What the task requires :: From the first line to the last, transcribe the data exactly and skip the pictures.
*** Given material ***
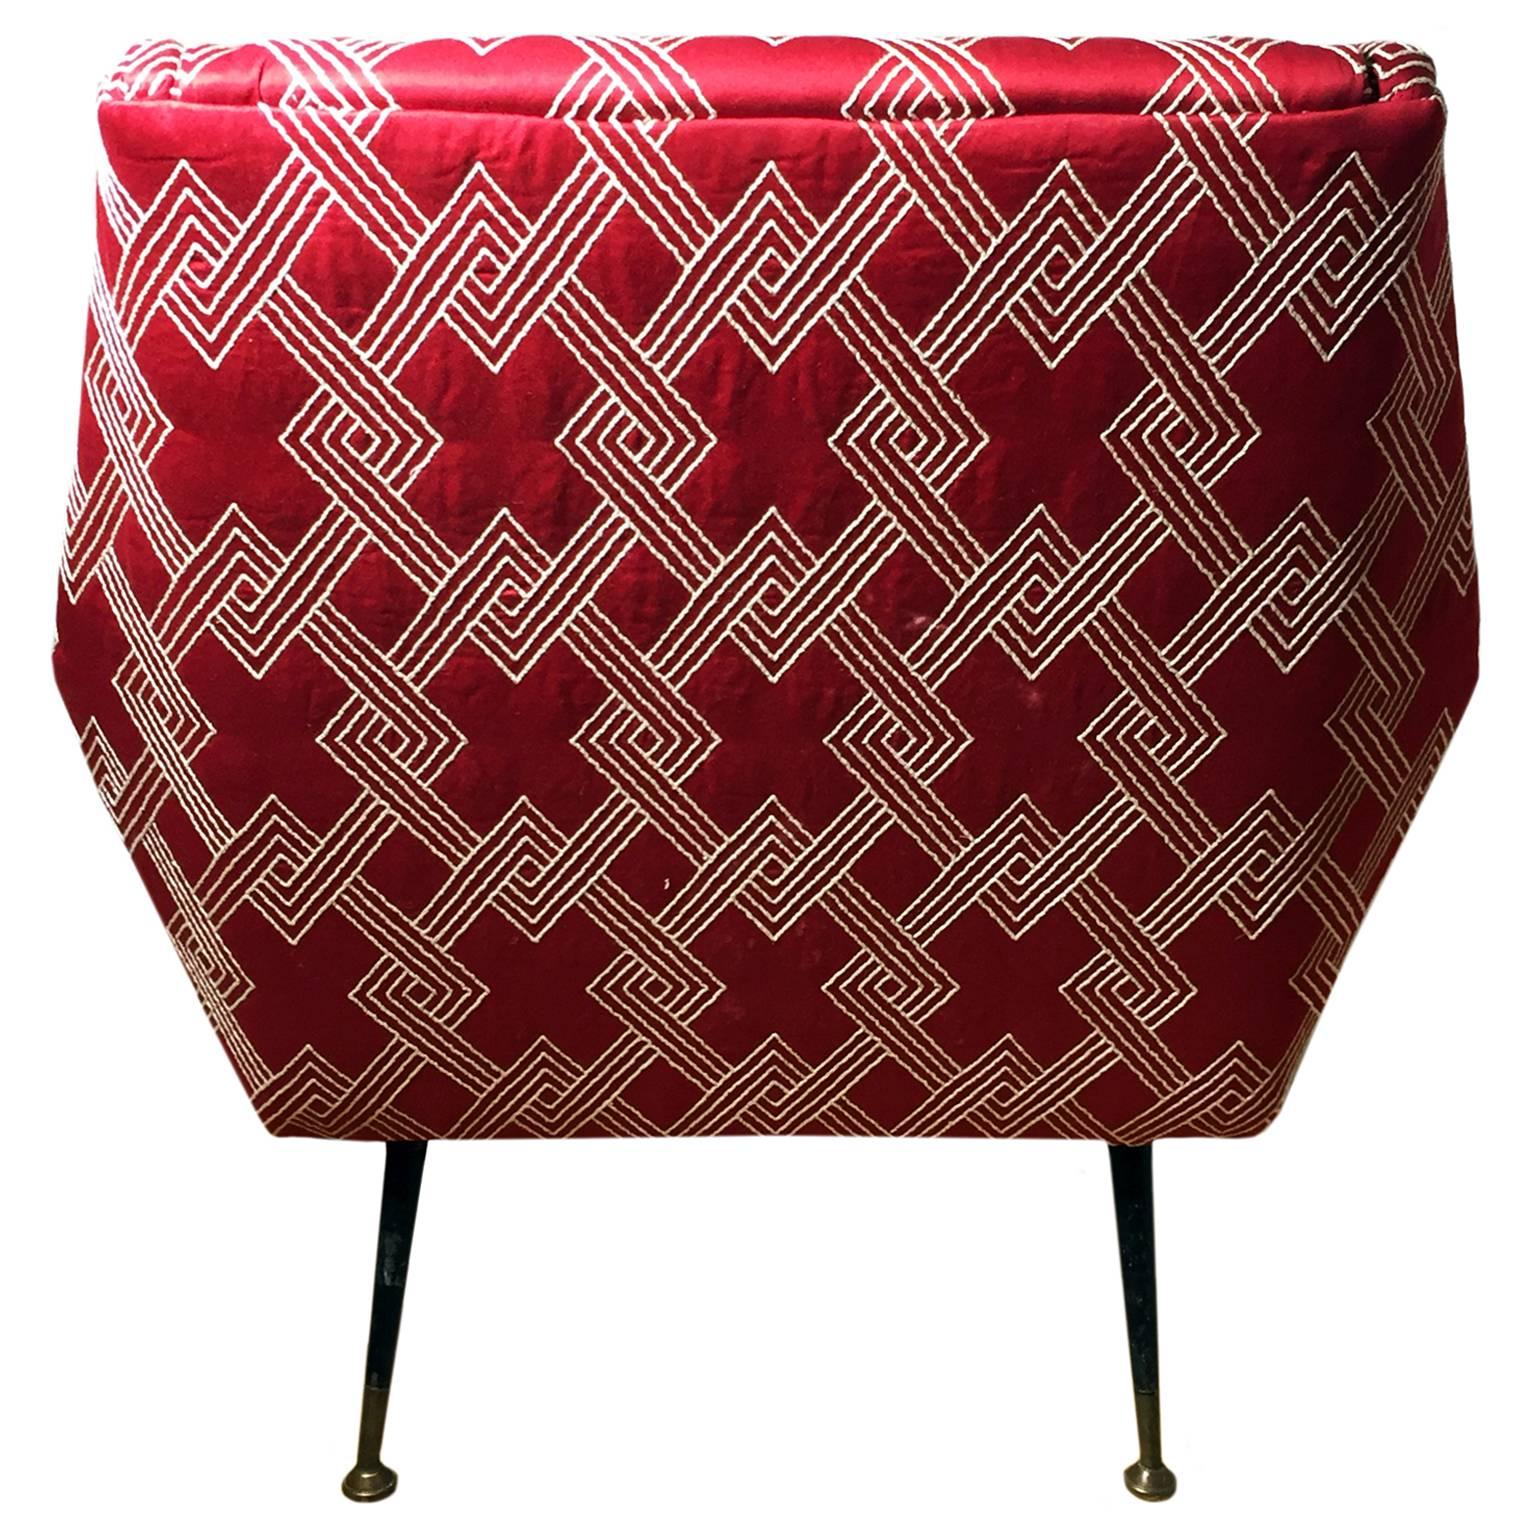 Mid-20th Century Mid-Century Italian Angled Back Club Chair in Red and White Geometric Fabric
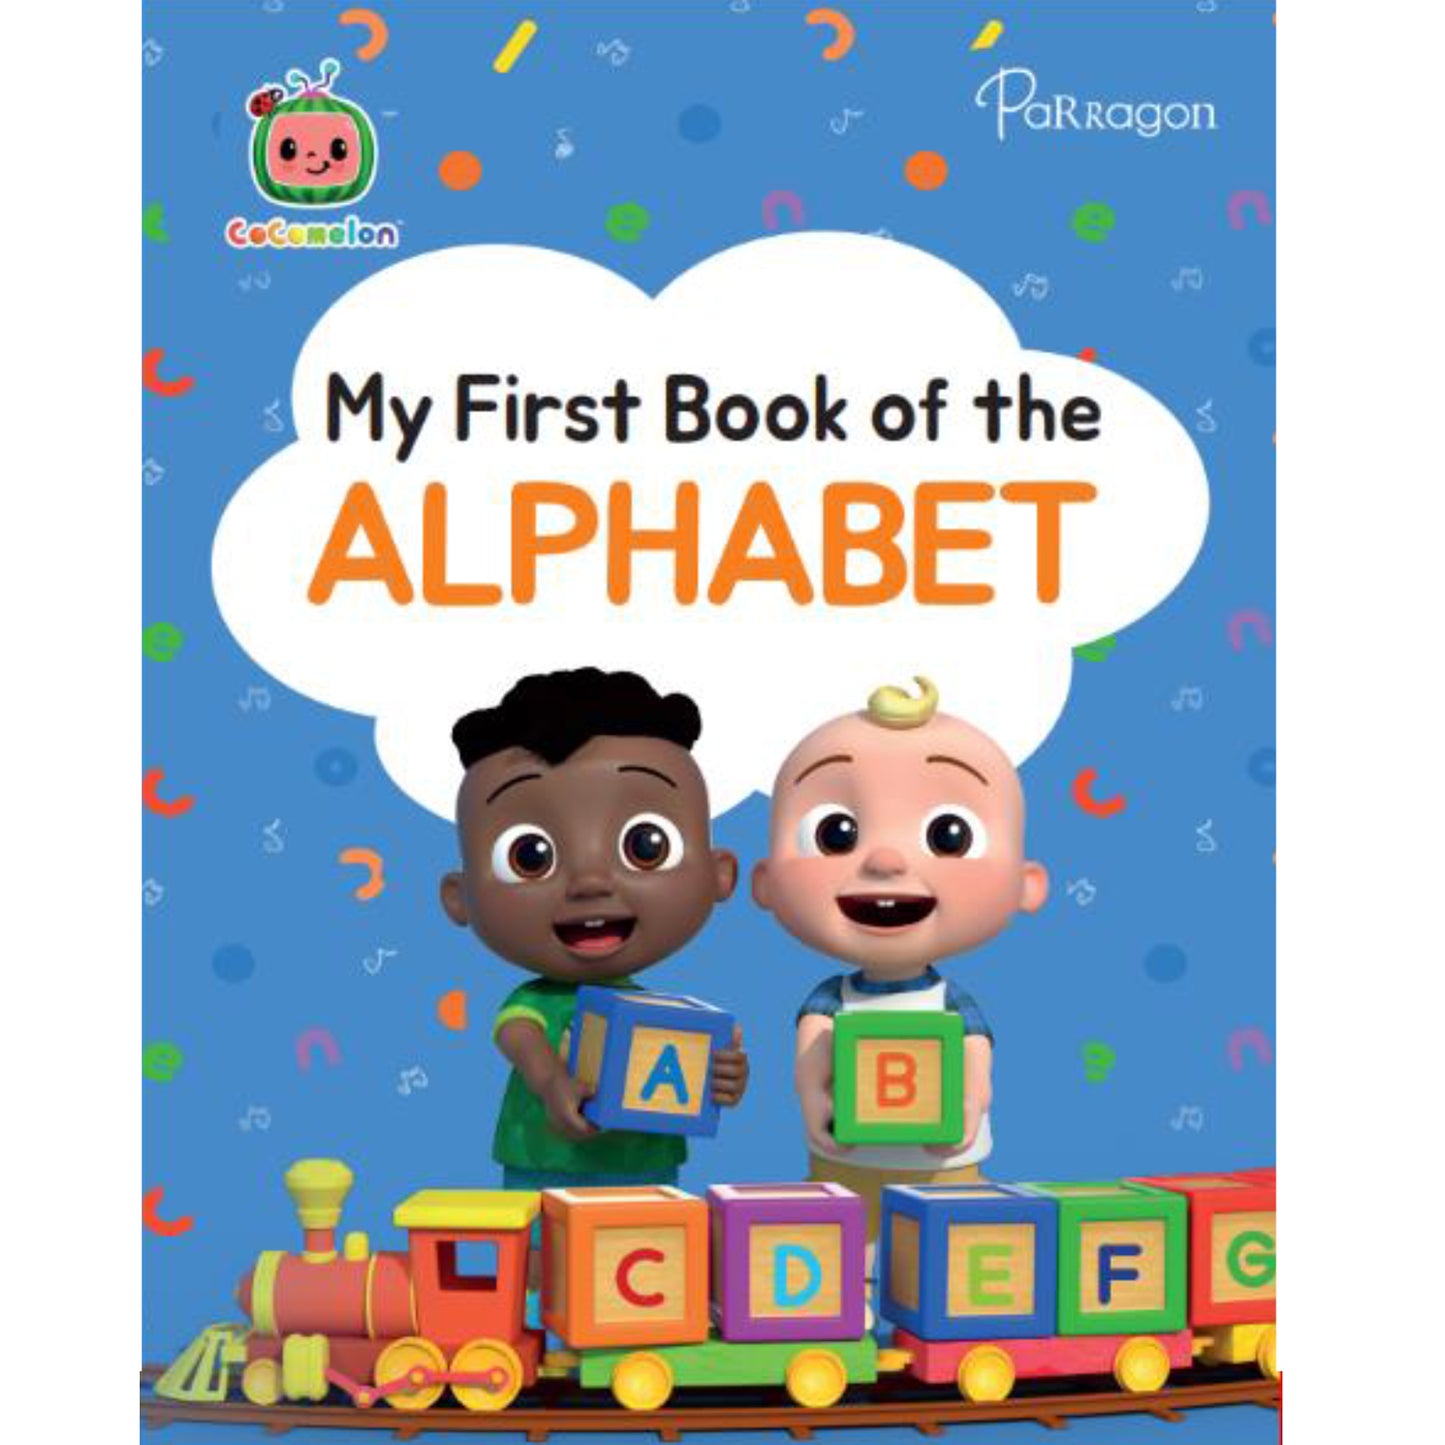 CoComelon My First Book of the Alphabet | Early learning books | CoComelon books | Books for toddlers | Books about alphabet [Paperback] Parragon
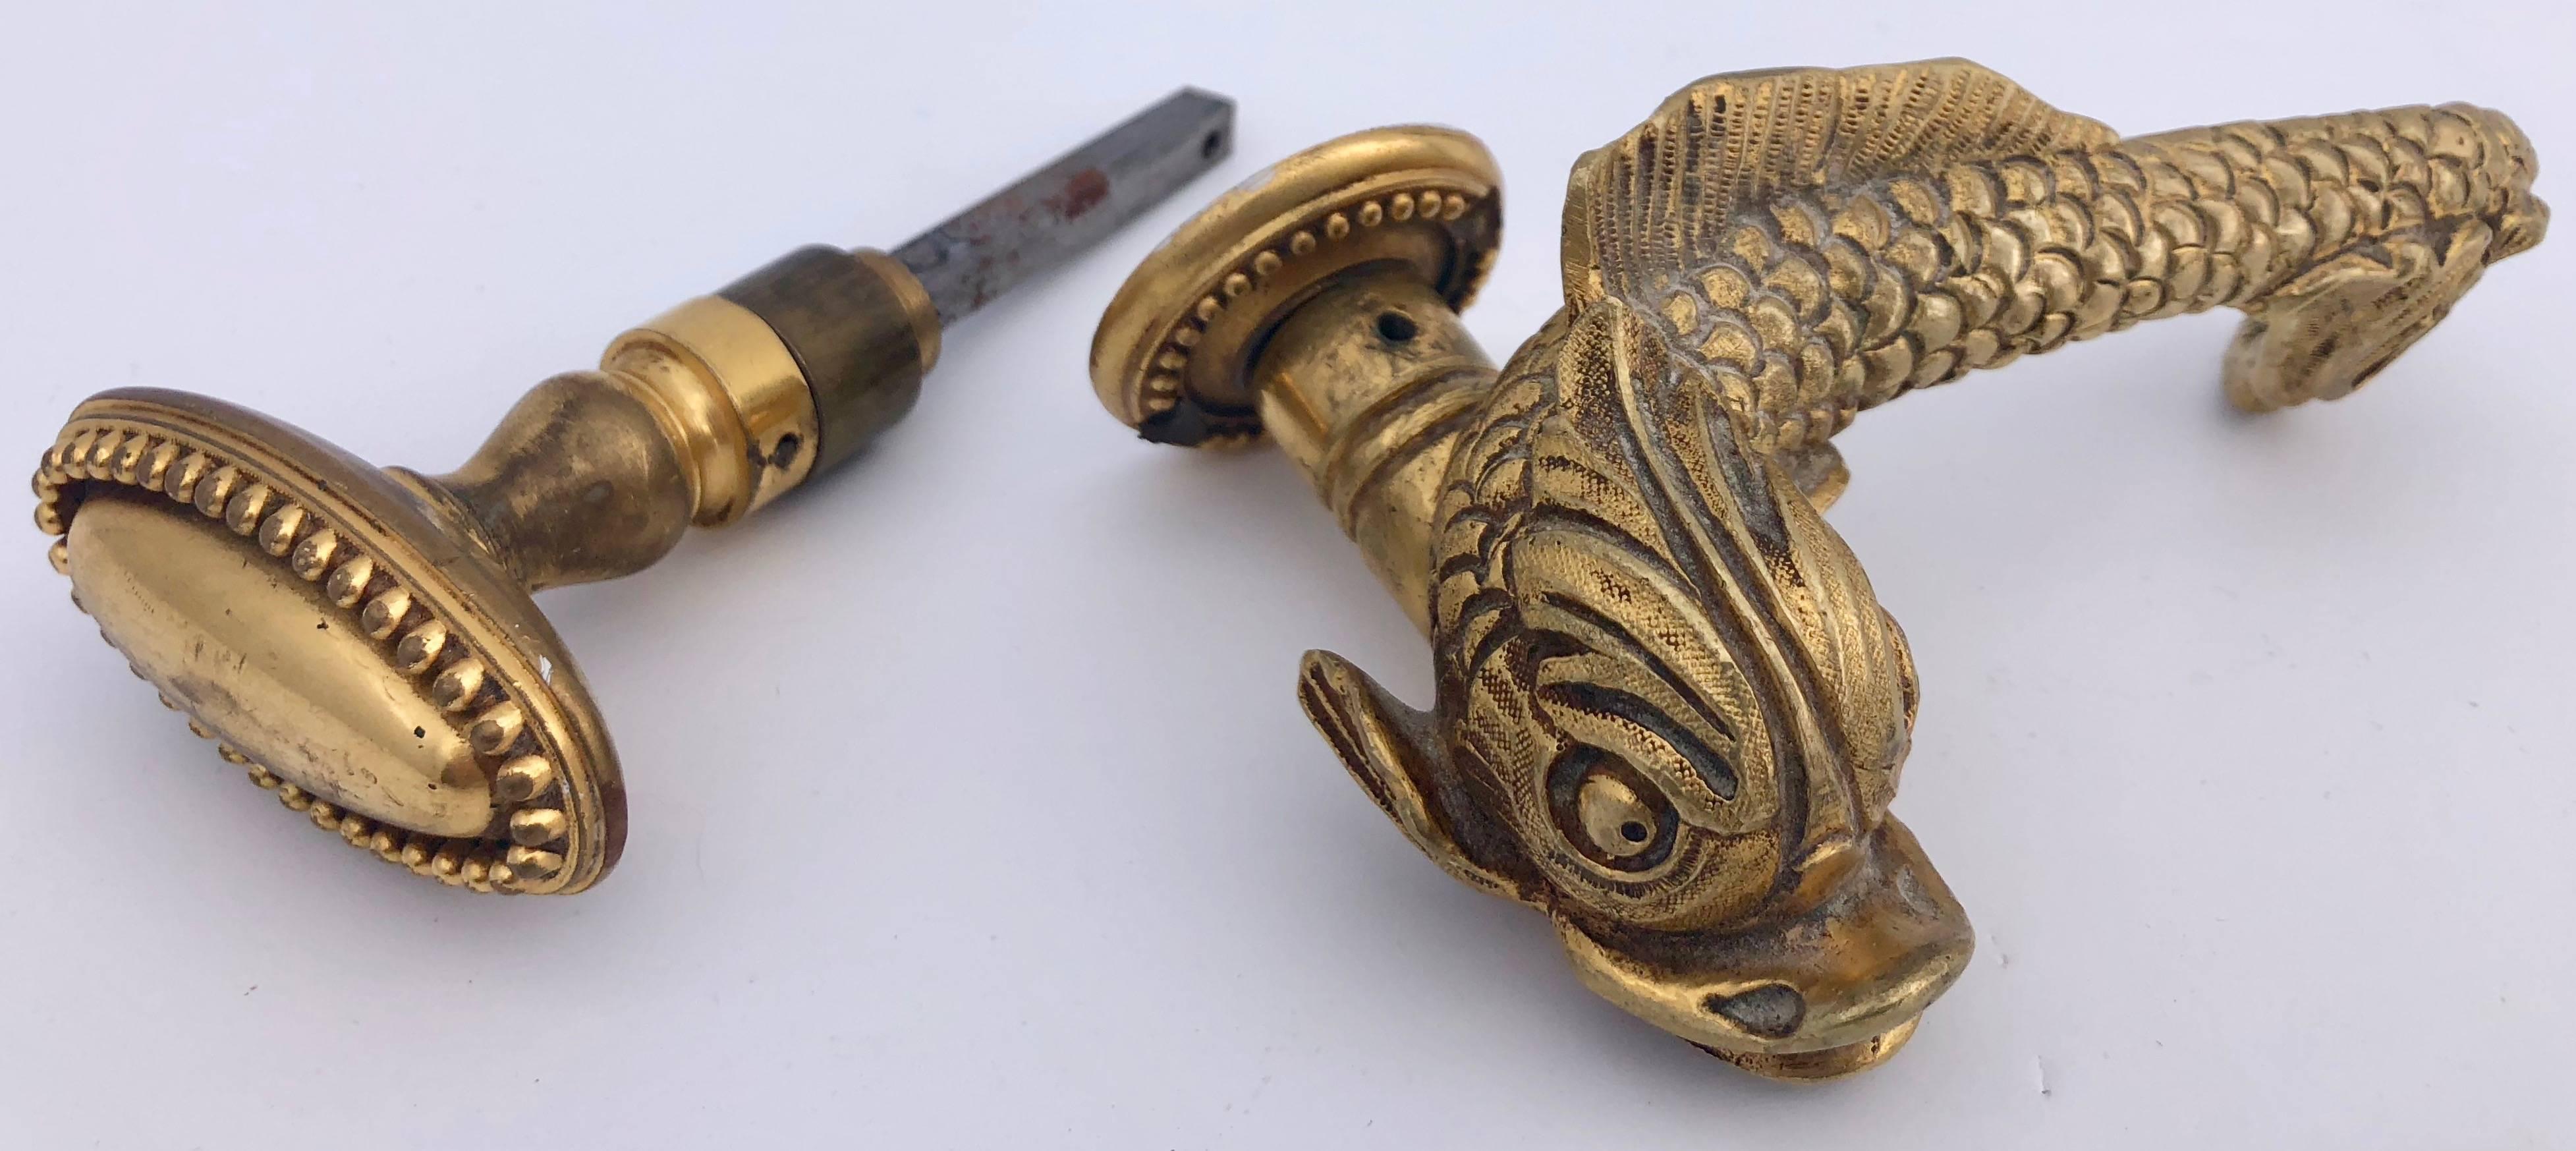 This great French 1950s bronze door handle and knob set are of a beautifully detailed dolphin, and an oval knob, both in the Napoleon III style. They come with their original bronze outer rings and square spindle. The dolphin figure is wonderful
***
Solution for this problem ::
 Mid-20th Century Mid-Century Italian Angled Back Club Chair in Red and White Geometric Fabric
 CoComelon My First Book of the Alphabet | Early learning books | CoComelon books | Books for toddlers | Books about alphabet [Paperback] Parragon
 This great French 1950s bronze door handle and knob set are of a beautifully detailed dolphin, and an oval knob, both in the Napoleon III style. They come with their original bronze outer rings and square spindle. The dolphin figure is wonderful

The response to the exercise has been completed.